Грохот мотоцикла вломился в нашу улицу, по стеклам ударила струя света. И пока я вскакивал, мотоцикл, обвильнув Ольгу, ударился в наш забор. Выбежав на парадное, выходящее на улицу крыльцо, я увидел, как мальчишка, ругаясь, поднимает мотоцикл. Он взревел двигателем и укатил, а я, выдрав забитую гвоздями парадную калитку, подошел к безучастно сидящей Ольге.

— Это что еще за фокусы?! — Меня просто всего трясло.

— Я хотела с вами поговорить, — сказала она, не отнимая от колен подбородка.

— Ну, хорошо, хорошо, — сказал я раздраженно. — Пойдемте в дом!

ГЛАВА 5

1

Курулин постучал прутом в окно, и я пошел и открыл и без того открытую дверь.

Он молча взглянул на Ольгу, хмуро изумился, окинул взглядом голизну комнаты, в которой не было даже занавесок, и сел на укрытый двумя одеялами и шубой диван.
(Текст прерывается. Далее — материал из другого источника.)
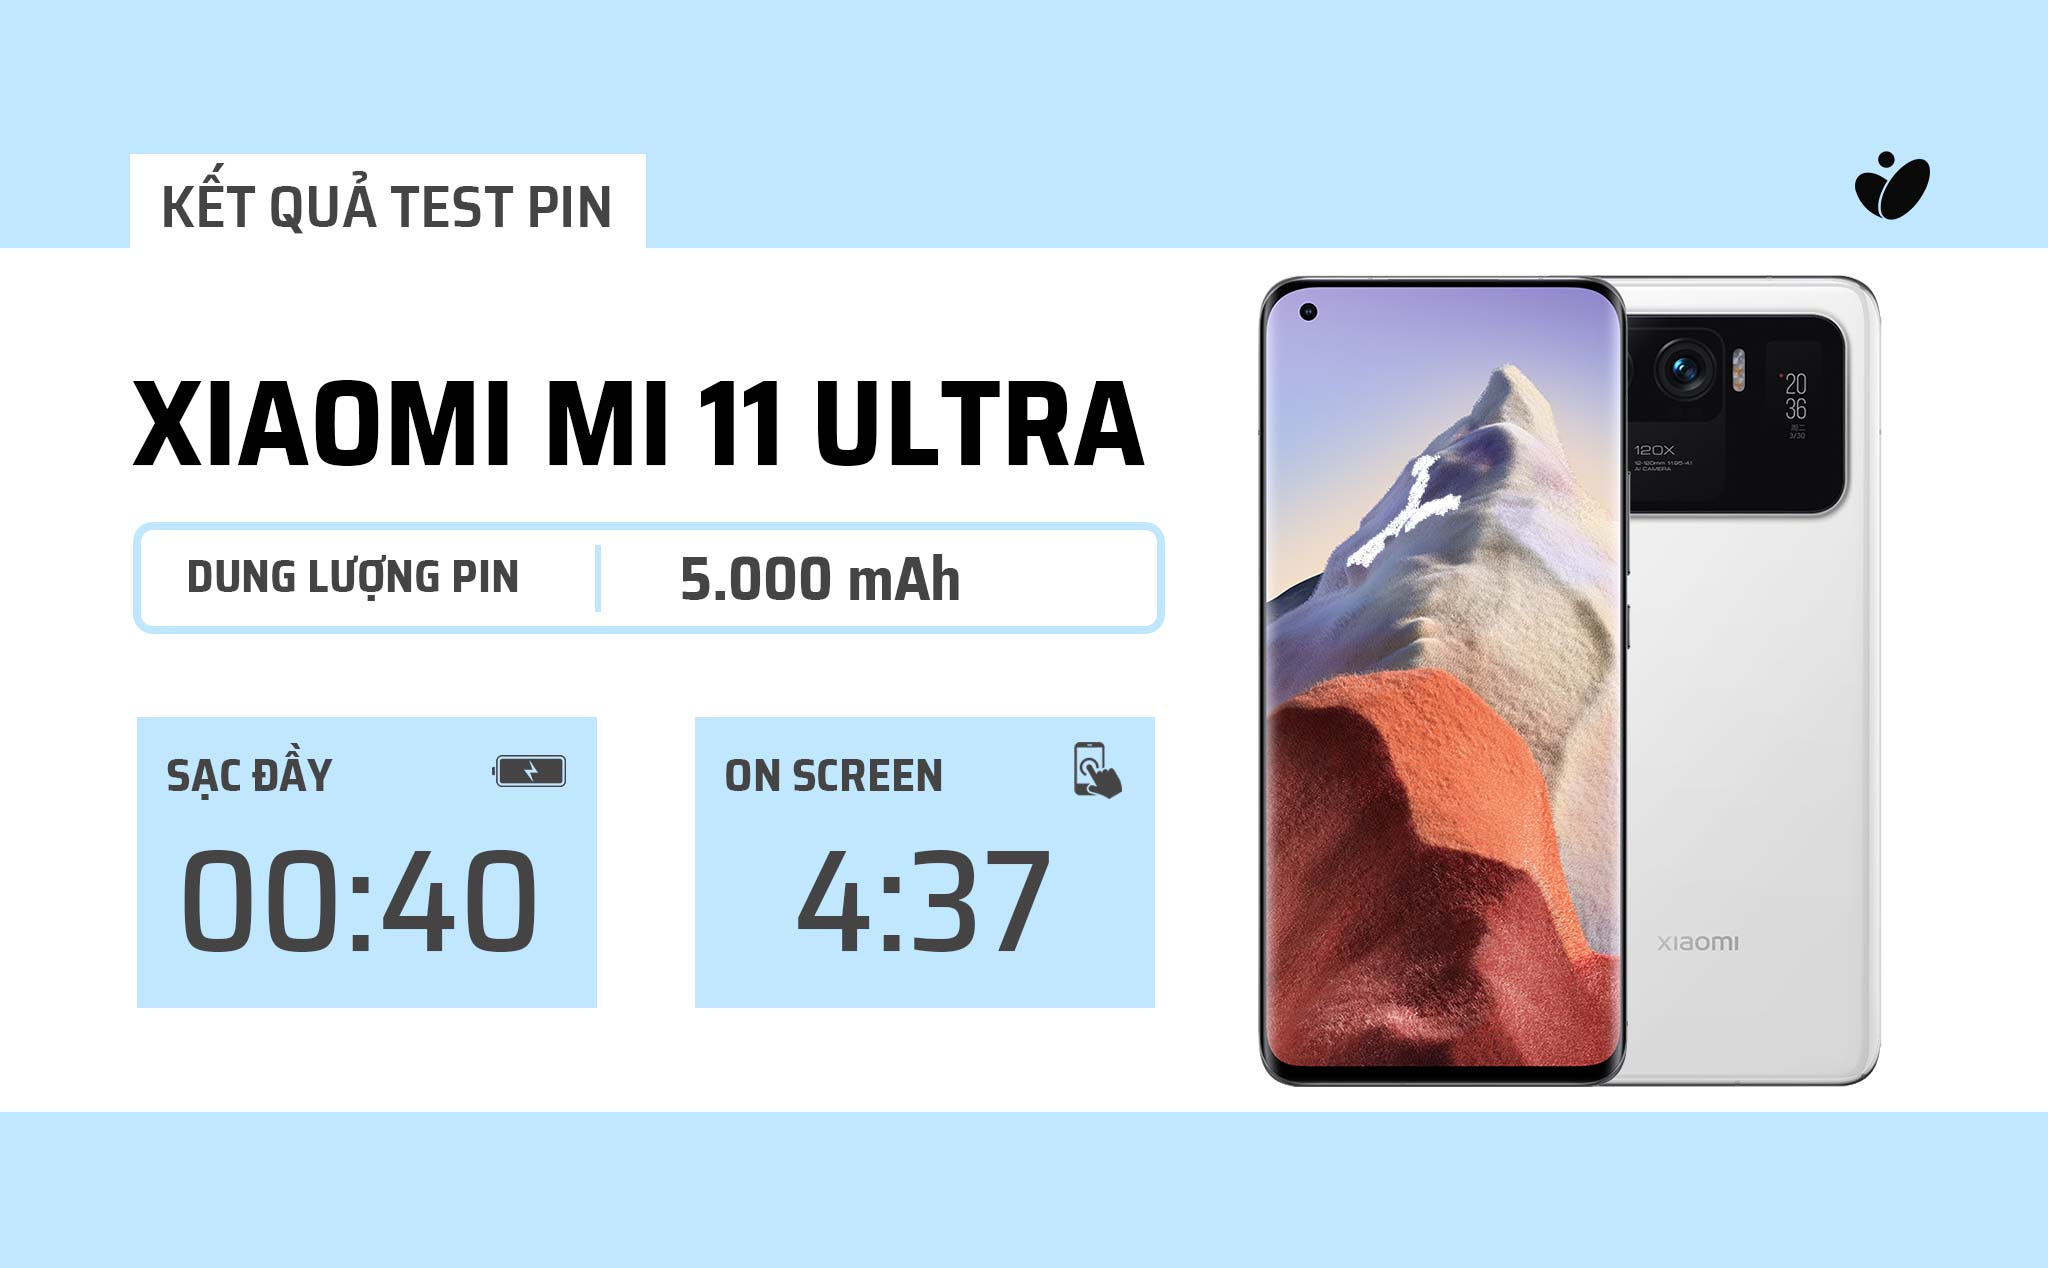 Người dùng đánh giá pin Xiaomi Mi 11 Ultra
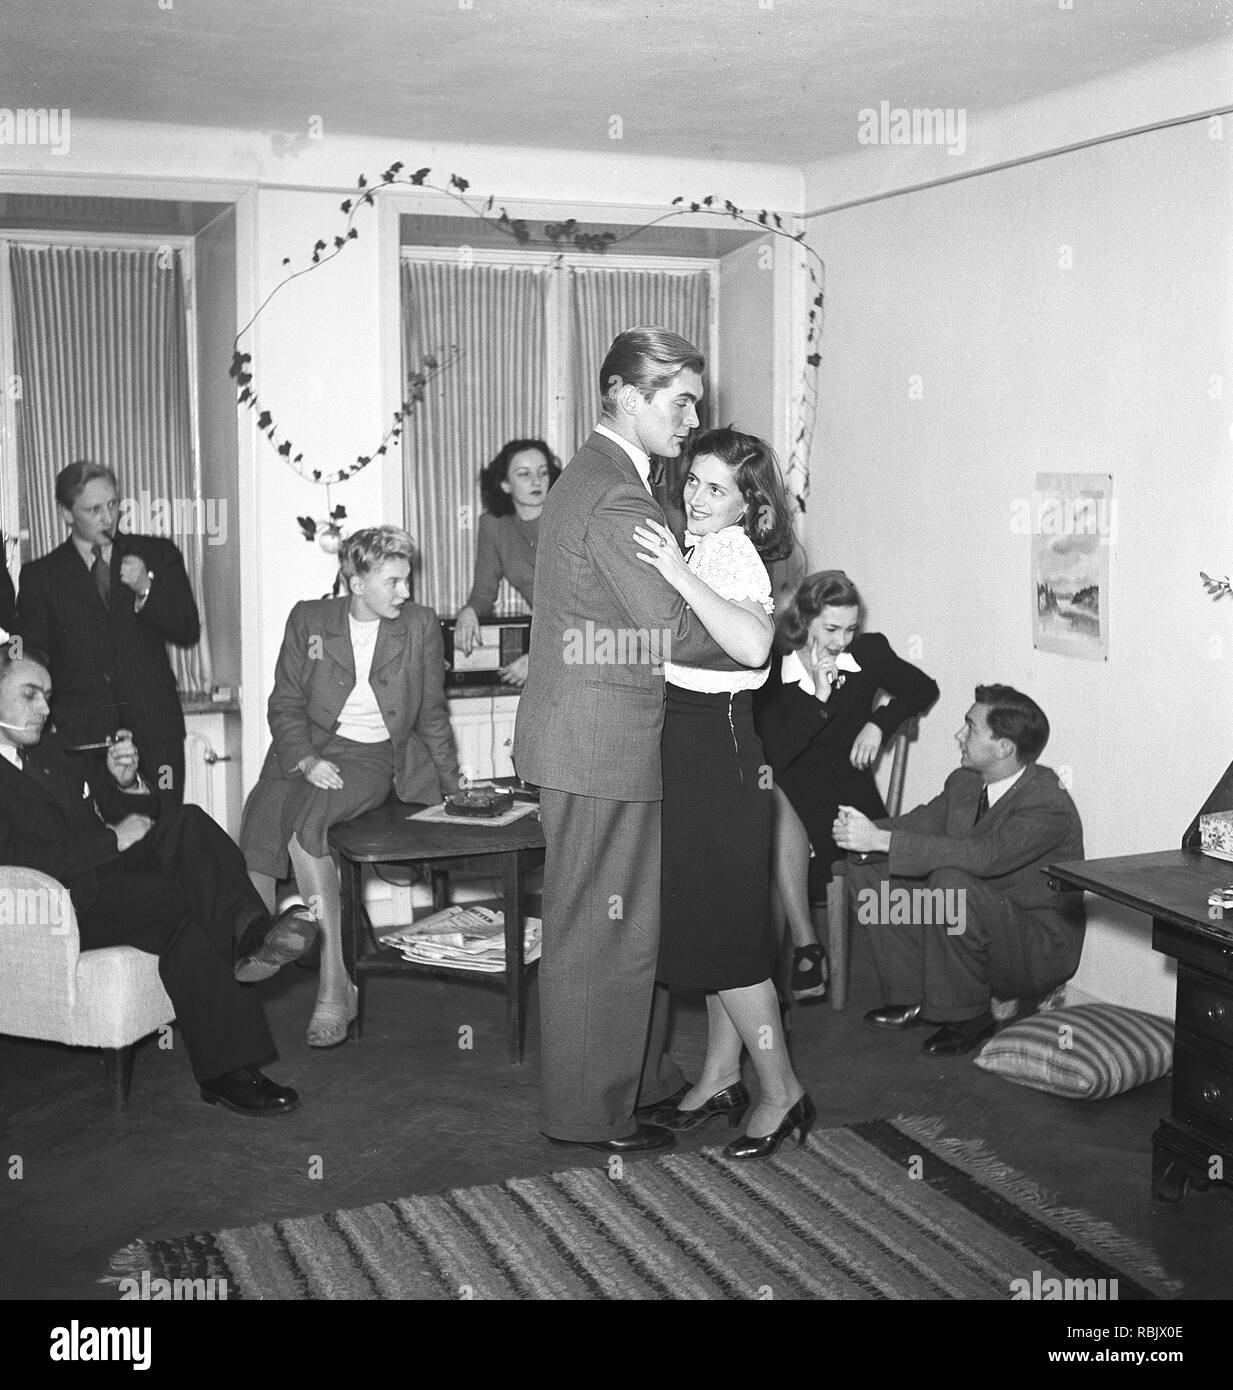 Tanz in den 1940er Jahren. Ein junger Menschen auf einer Party tanzen ist, während ihre Freunde sitzen. Foto Kristoffersson Ref L4-3. Schweden 1944 Stockfoto
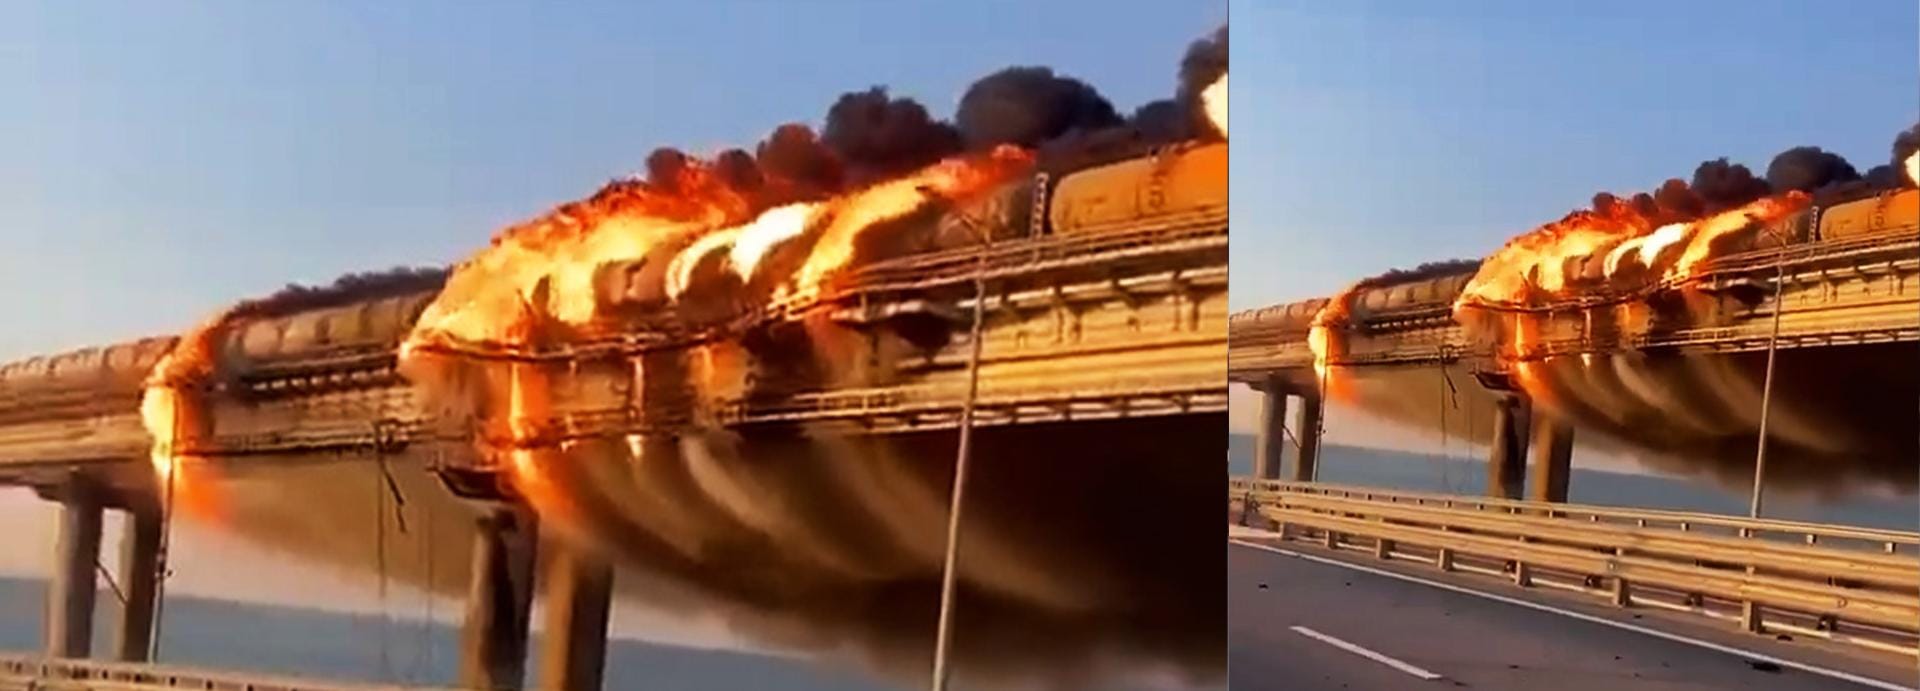 Die Krim-Brücke steht in Flammen.
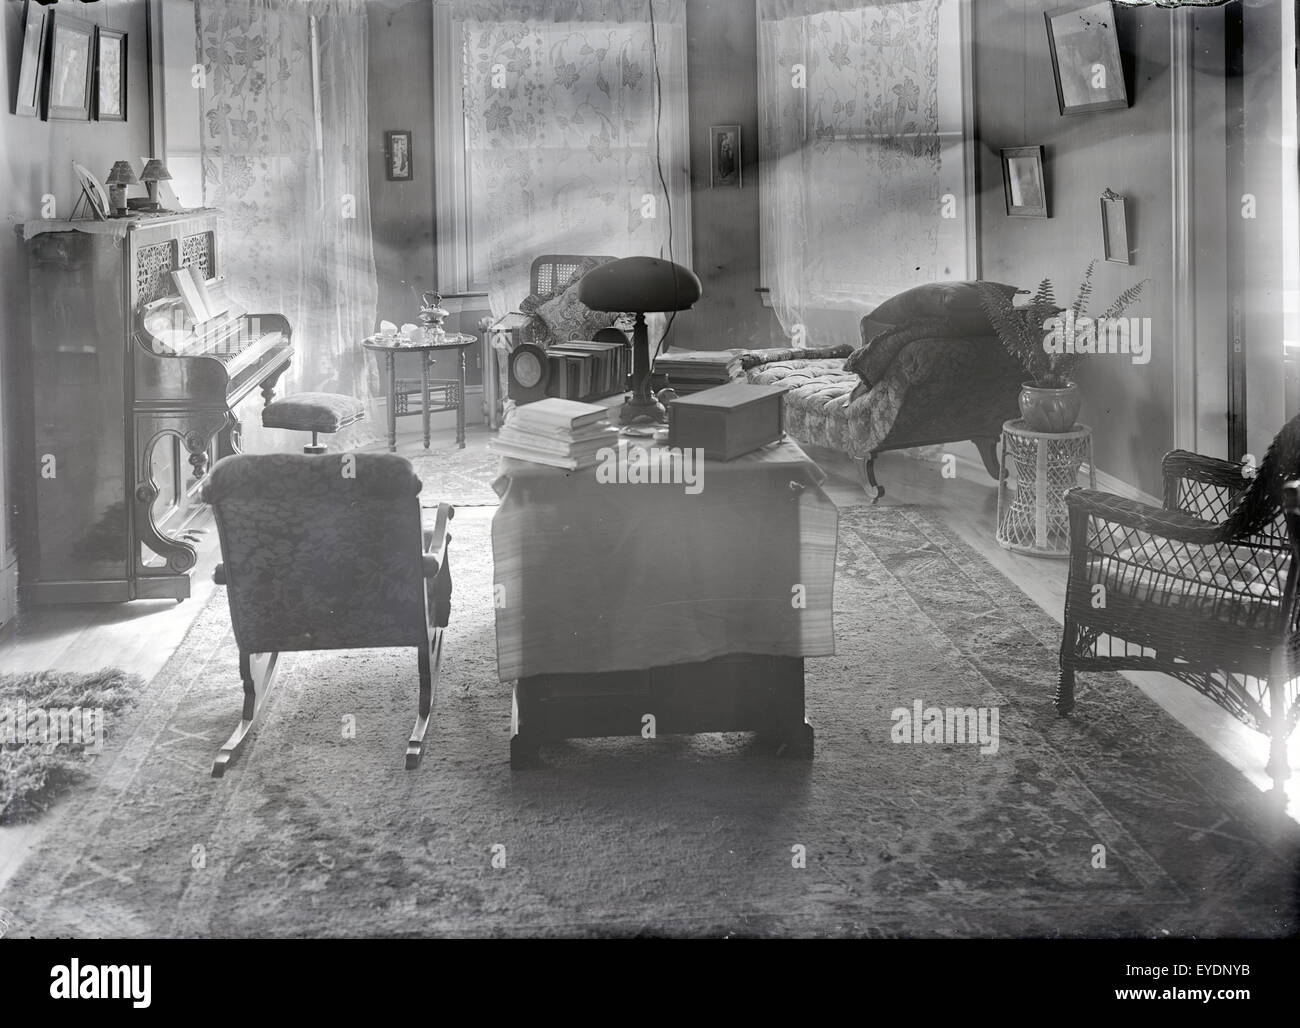 Antique c1910 fotografia di un tardo Vittoriano, circa 1910s Salone con pianoforte verticale e arredi. Vedere Alamy numero immagine EYDNYH per una vista alternativa di questa camera. Posizione sconosciuta, probabilmente il Massachusetts New England, STATI UNITI D'AMERICA. Foto Stock
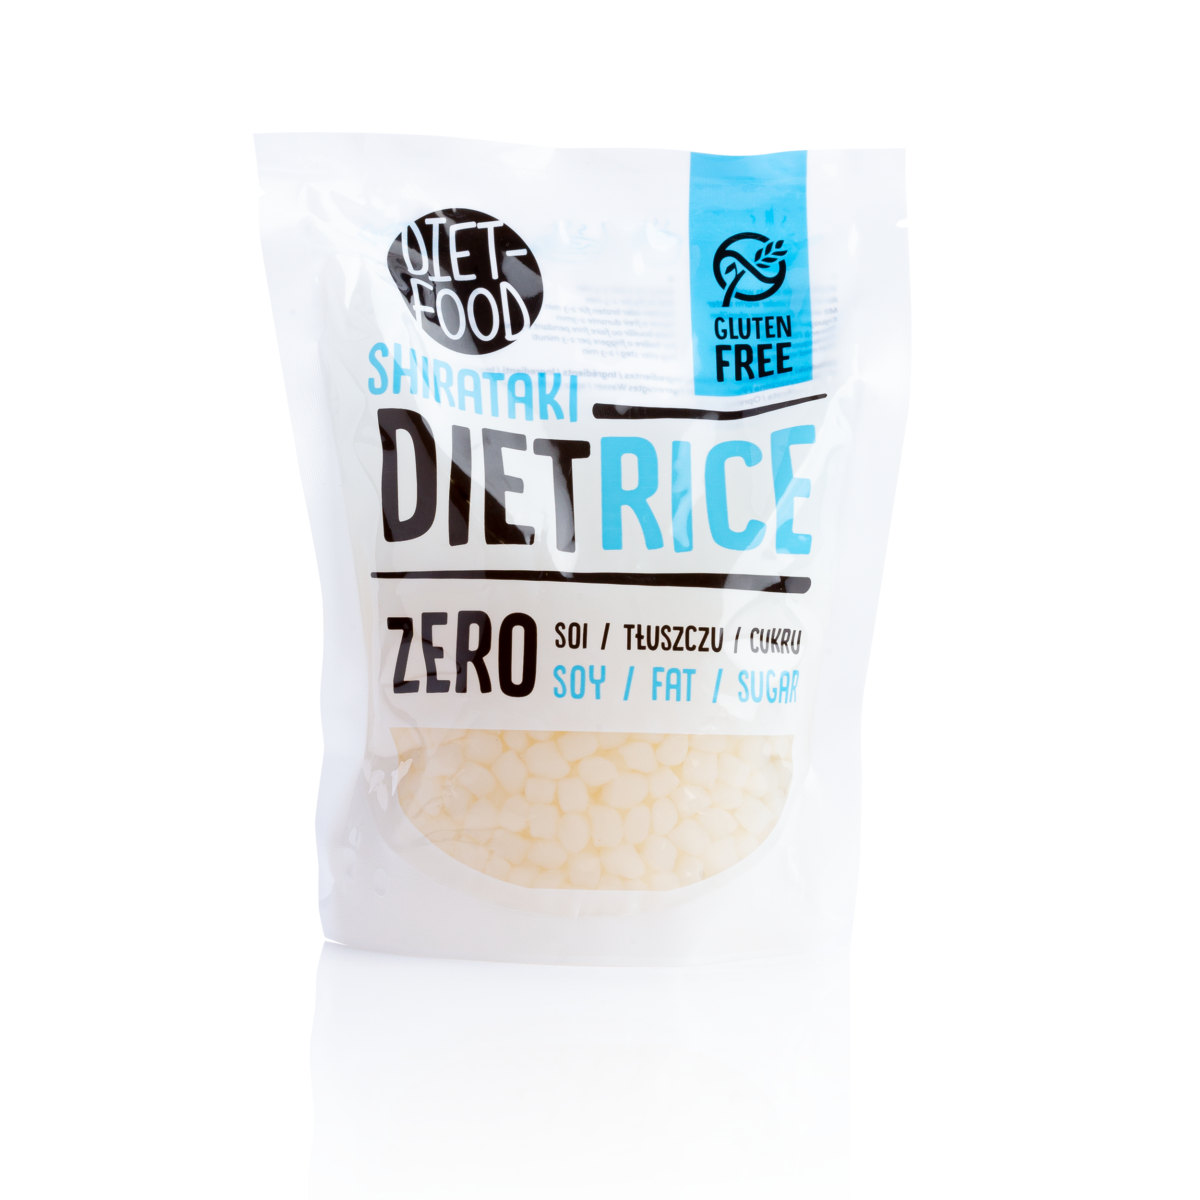 Ryż Zero Konjac z firmy Diet Food. Białe opakowanie z niebieskimi elementami.

Пламя торчащей из стакана свечи метнулось и потянулось к нему.

— Знатно устроился! — сказал он с сарказмом и вопросительно посмотрел на Ольгу.

— Я «с картошки» из-за него убежала, — показав на меня глазами, сказала Ольга. Она сидела у стола, подперев подбородок кулачками, и, не мигая, смотрела на отца.

Курулин крякнул, встал, прошелся по комнате, обнял худенькие плечи Ольги, погладил по голове.

— Ну, давай иди!

Он выпустил ее в коридорчик, прикрыл дверь, постоял у окна, а затем прошел и распахнул только что закрытую дверь. В коридорчике, прижавшись к стене, стояла Ольга. Курулин еще недоуменнее хмыкнул, помедлил, провел ее в комнату и осторожно, как больную, усадил на единственный в моей комнате стул.

— Ты ему-то об этом говорила, что ради него приехала? — показав на меня глазами и стараясь быть веселым, спросил Курулин.

— Нет.

— Ну вот и правильно, — он и в самом деле повеселел. — И впредь не говори... Ты еще цыпленок, а он — вон какой хмурый тип. — Он снова сел на диван и не сразу смог побороть растерянность.